PRGO collar positions are structurally neutral (protective); the modeled P&L assumes European-style exercise at expiration and ignores early assignment, transaction costs, dividends paid before expiry on the stock leg (when present), and the bid-ask spread on the listed chain. PRGO positions also carry Healthcare sector concentration risk; news flow inside the sector (peer earnings, regulatory shifts, supply-chain headlines) can move PRGO alongside the broader basket even when PRGO-specific fundamentals are unchanged. Always rebuild the position from current PRGO chain quotes before placing a trade.

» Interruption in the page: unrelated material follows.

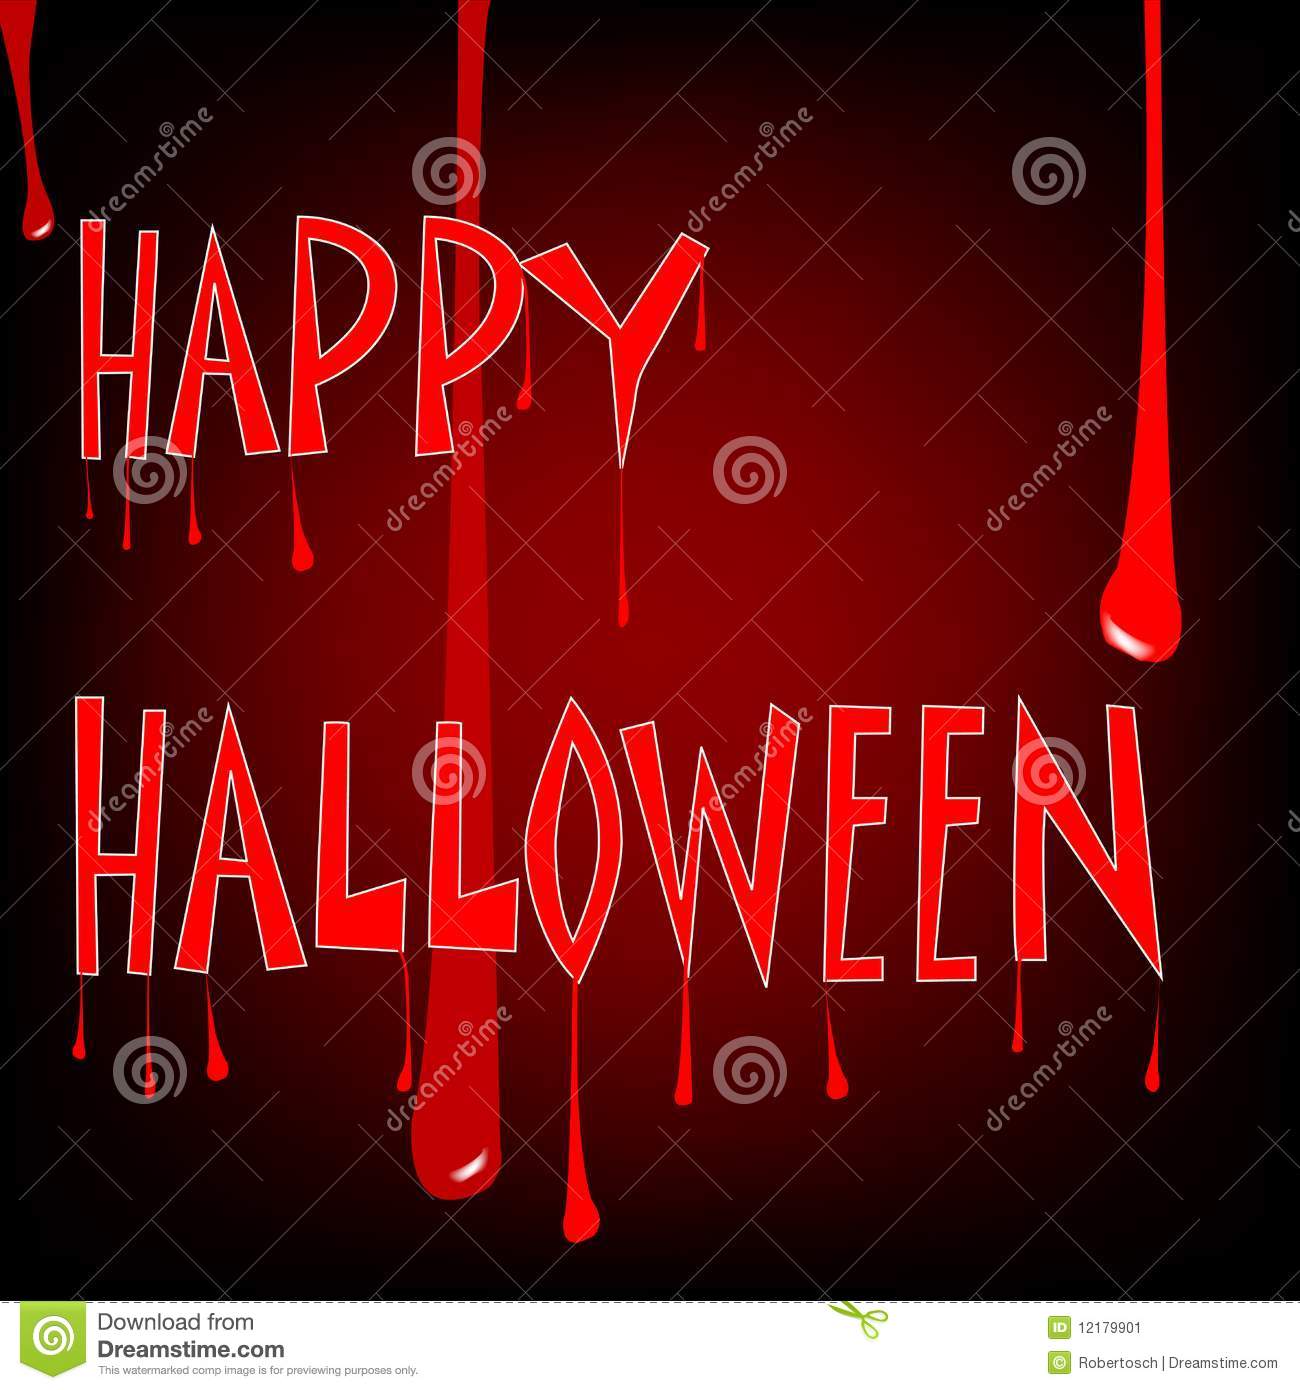 Bloody Halloween Vector Art Illustration  More Drawings In My Gallery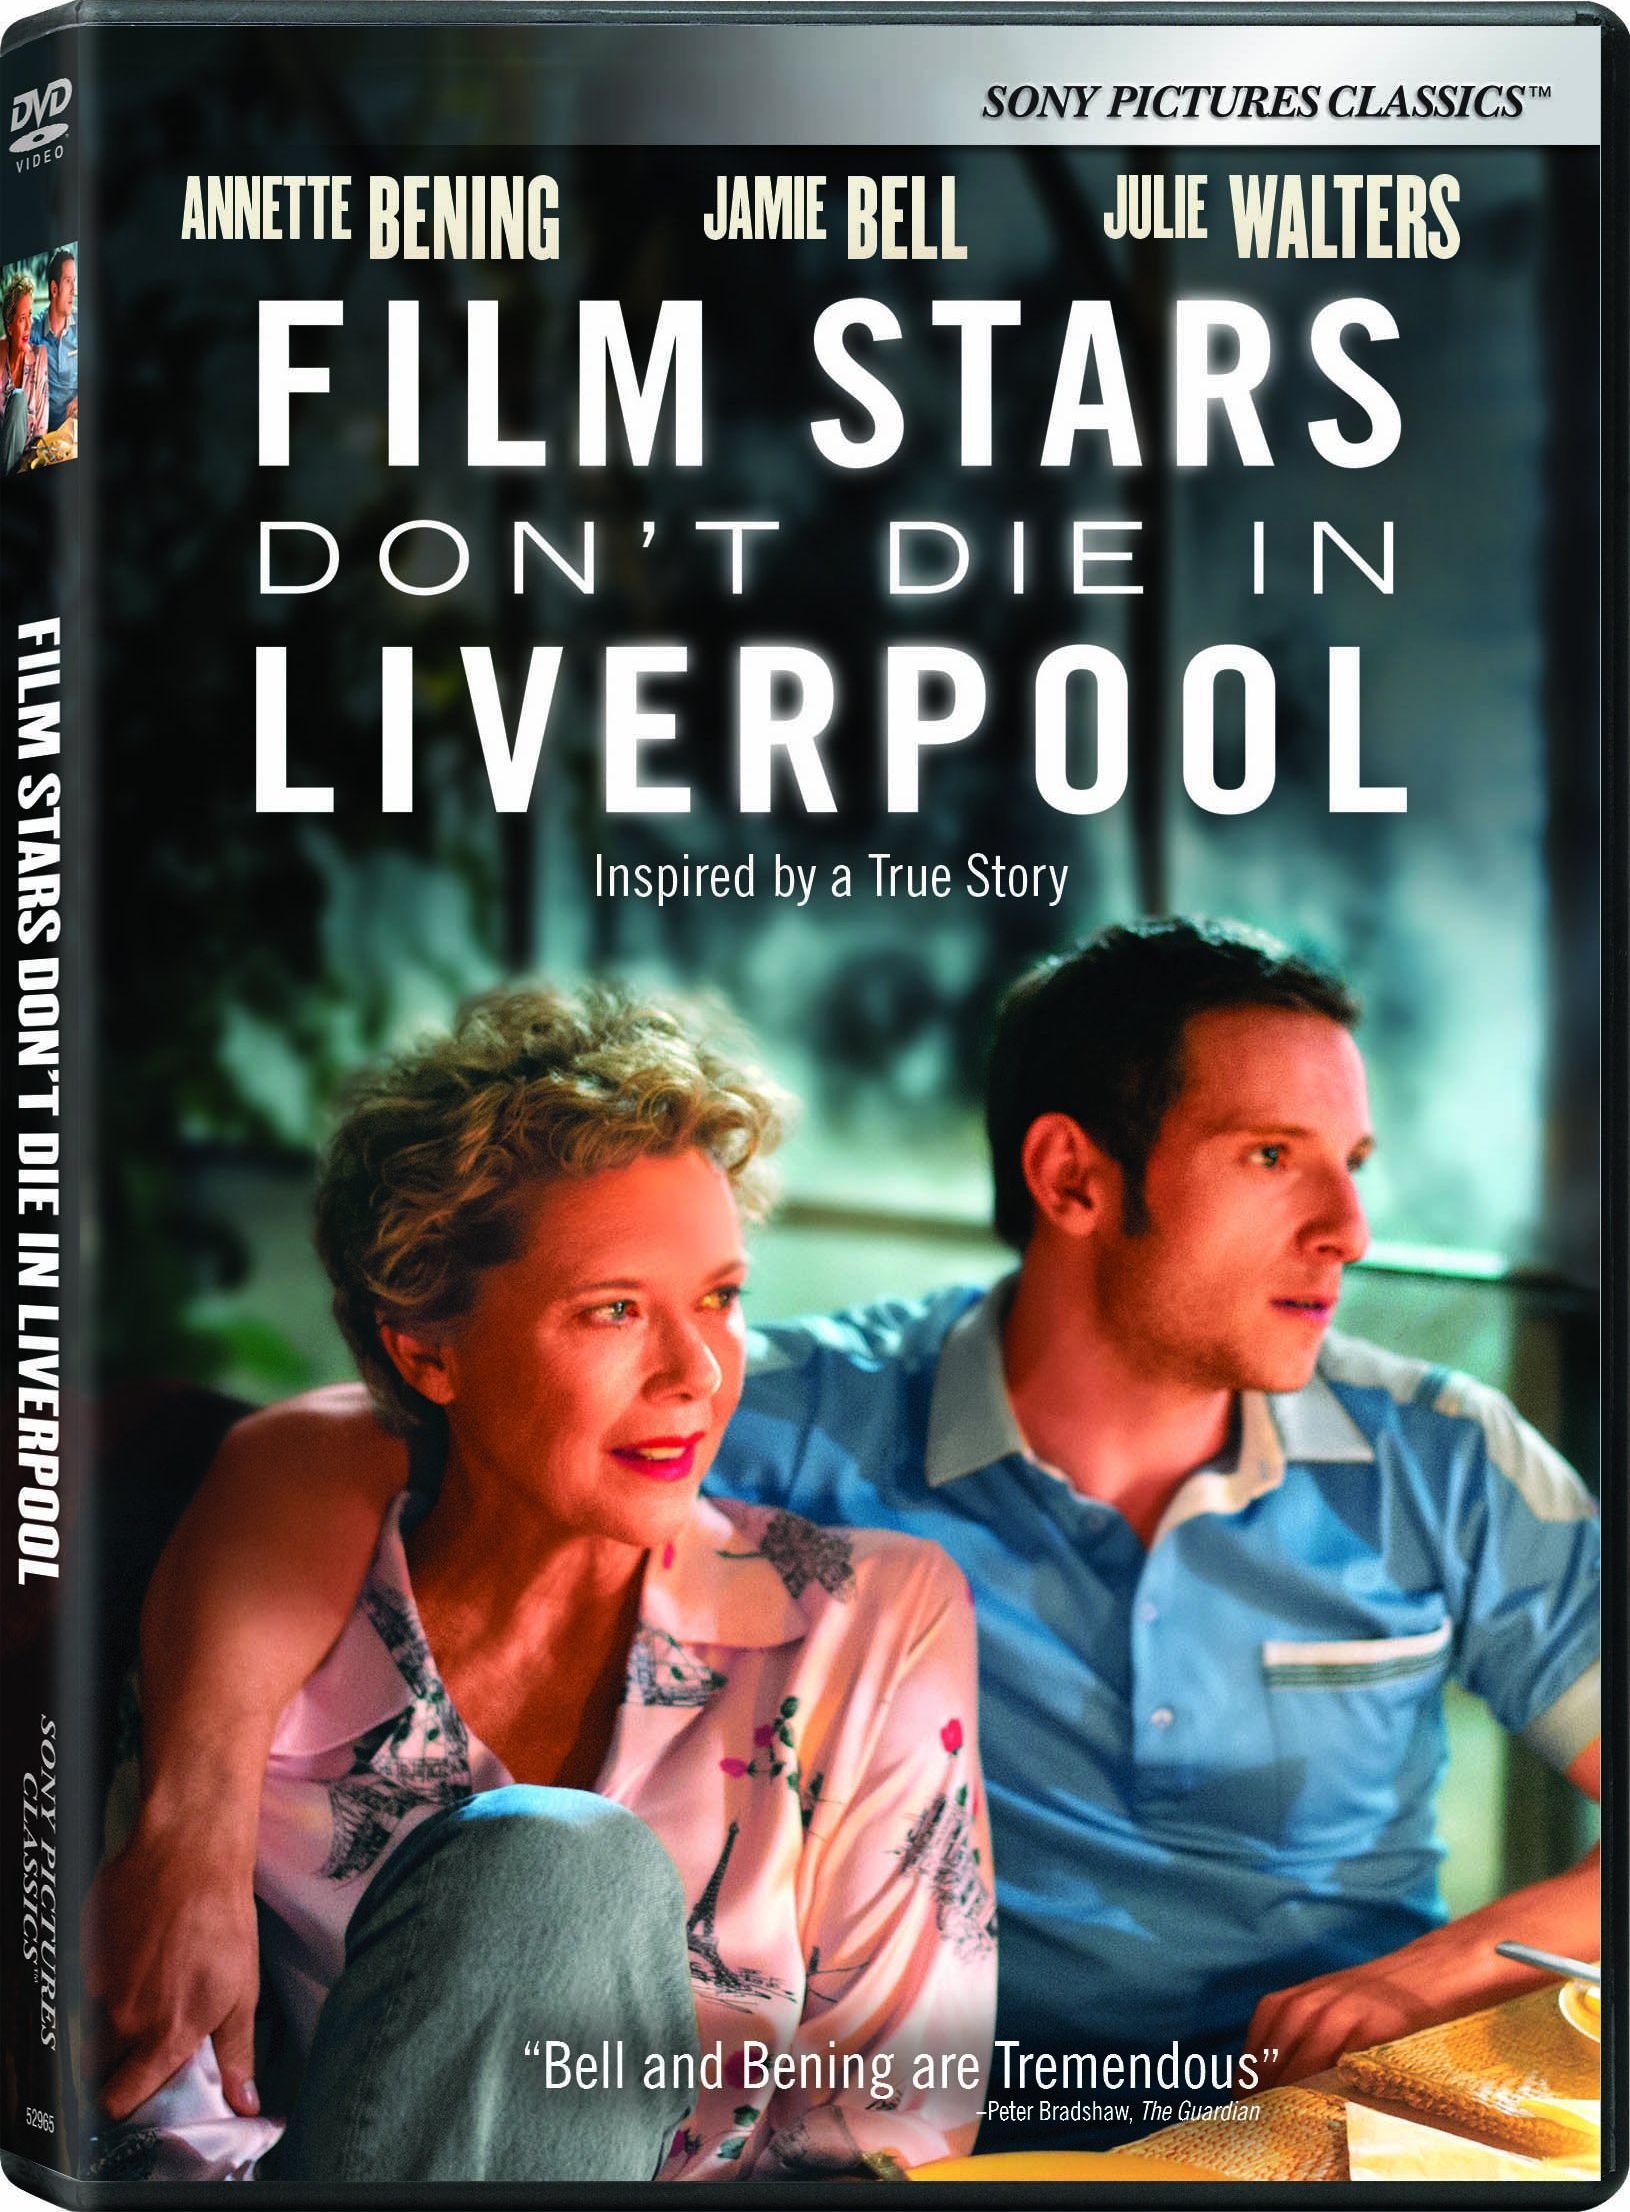 Film Stars Don't Die in Liverpool DVD Release Date April

Frequently asked questions

What is a collar on PRGO?
A collar on PRGO is the collar strategy applied to PRGO (stock). The strategy is structurally neutral (protective): A collar pairs long stock with a protective out-of-the-money put financed by a short out-of-the-money call, capping both tails of the position around the current spot. With PRGO stock trading near $10.92, the strikes shown on this page are snapped to the nearest listed PRGO chain strike and the premiums come straight from the end-of-day bid/ask midpoint.
How are PRGO collar max profit and max loss calculated?
Max profit roughly equals short-call strike minus cost basis plus net premium; max loss roughly equals cost basis minus long-put strike minus net premium. Breakeven shifts by the net premium. For the PRGO collar priced from the end-of-day chain at a 30-day expiry (ATM IV 50.60%), the computed maximum profit is unbounded per contract and the computed maximum loss is unbounded per contract. Live intraday quotes will differ as the chain moves through the trading session.
What is the breakeven for a PRGO collar?
The breakeven for the PRGO collar priced on this page is no defined breakeven on the modeled curve at expiration, derived from end-of-day chain premiums. Breakeven is the underlying price at which the strategy's P&L crosses zero ignoring transaction costs and assignment risk. The current PRGO market-implied 1-standard-deviation expected move is approximately 14.51%; if the move sits well outside the breakeven distance, the structure's risk-reward becomes correspondingly tighter.
When should you consider a collar on PRGO?
Collars on PRGO hedge an existing long PRGO stock position; the long put sets a floor while the short call finances it, often run as a near-zero-cost hedge during expected volatility windows.
How does current PRGO implied volatility affect this collar?
PRGO ATM IV is at 50.60% with IV rank near 41.37%, which is mid-range against its 1-year history. Strategy selection depends more on directional thesis and expected move than on a strong IV signal.